Nie używam X3, więc nie chcę przesądzać, jaką gramaturę może komfortowo obsłużyć, jednak moje doświadczenia z "dystansowymi" feederami 12'/85 g i 12'/90 g są takie, że 60 - 70 g + zanęta to górna granica komfortowego zakresu. Nie chodzi nawet o to, bym obawiał się połamania (nie miotam siłowo, bo łowię na umiarkowanych dystansach), ale cięższymi koszyczkami rzuca mi się przyjemniej za pomocą mocniejszej wędki.
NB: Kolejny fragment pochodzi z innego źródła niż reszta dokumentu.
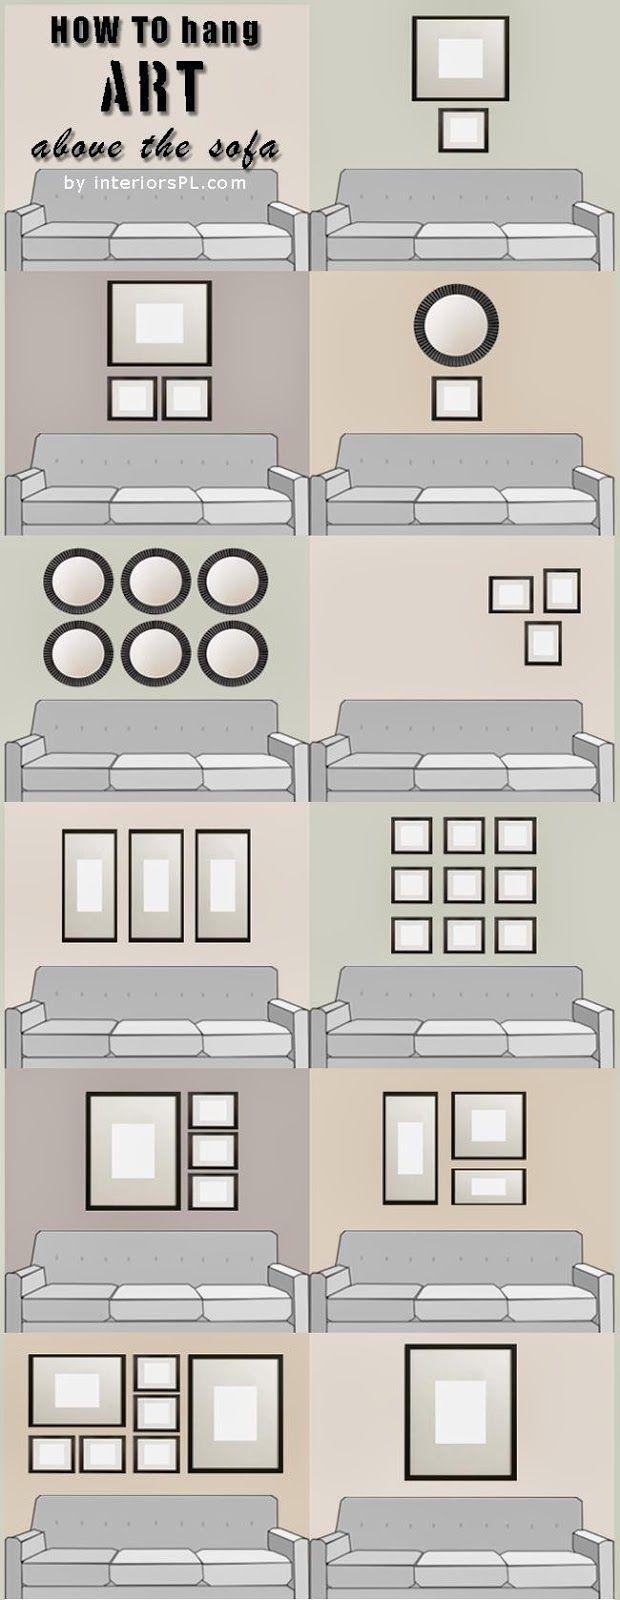 01-4.jpg 620×1,600 pixels

Można bezpiecznie przyjąć, że dolne 2/3 blanku będzie zauważalnie sztywniejsze niż w feederach niedystansowych (zwłaszcza dedykowanych do metody), a ugięcie da się opisać jako progresywne, bo feedery "dystansowe" już tak mają (za nielicznymi wyjątkami, które uginają się bardziej szczytowo niż progresywnie). 
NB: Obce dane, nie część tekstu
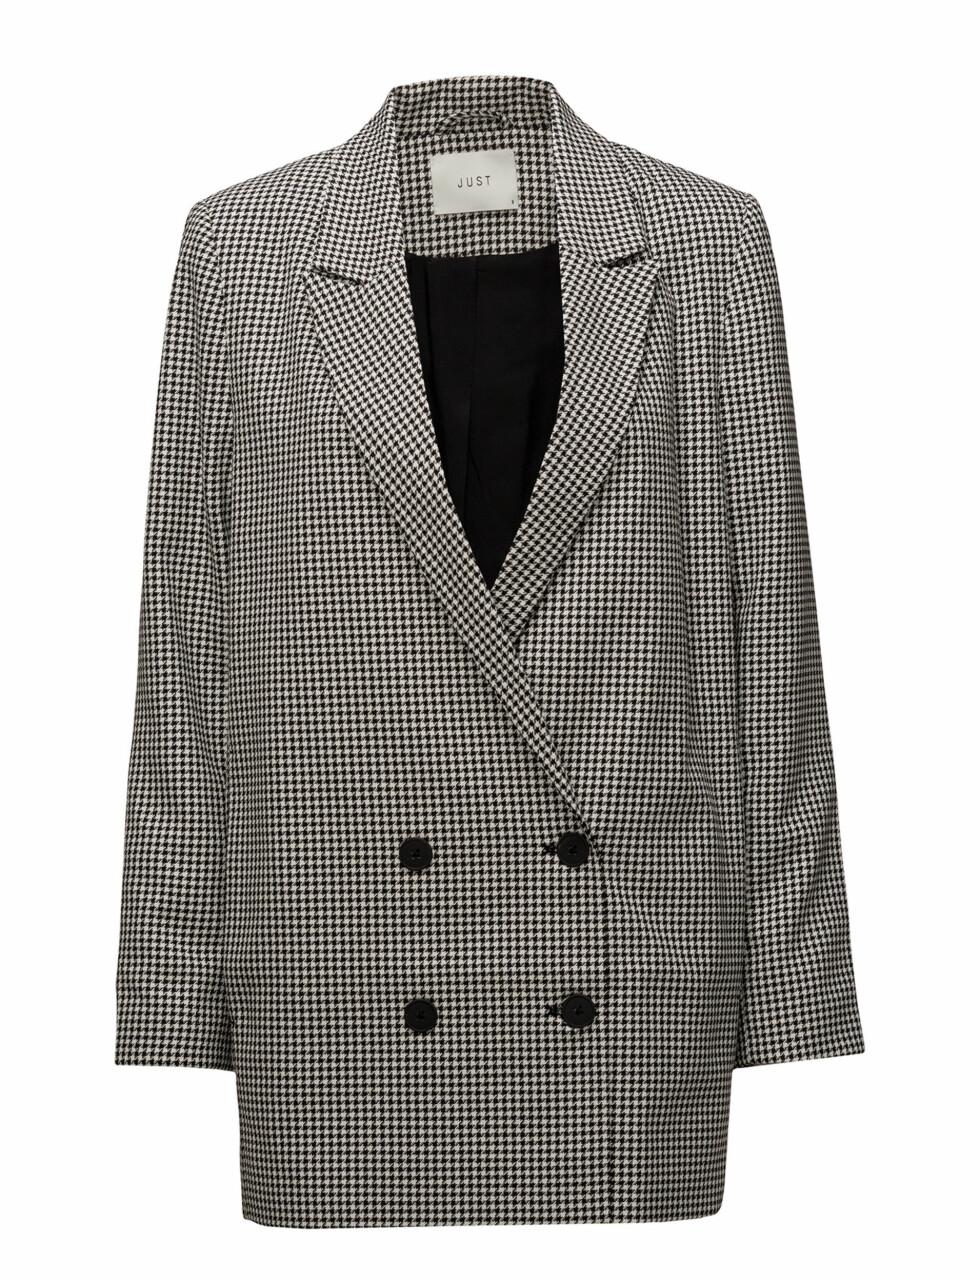 Blazer fra Just Female |1170,-| https://www.boozt.com/no/no/just-female-ob/amalie-blazer_17204985/17204986?path=67363&navId=67363&sNavId=67450&group=listing&position=1000000

Na poważniejszą rzekę lepszym wyborem może się okazać X3 w odmianie "power" (12'/100 g) - zwłaszcza jeżeli nie planujemy odławiać drobnego bialorybu w spowolnieniach. Ma ona w zestawie szczytówkę 3 oz, którą do wersji 12'/90 g należałoby dokupić (2 oz będzie trochę słabowita w żwawo płynących miejscówkach).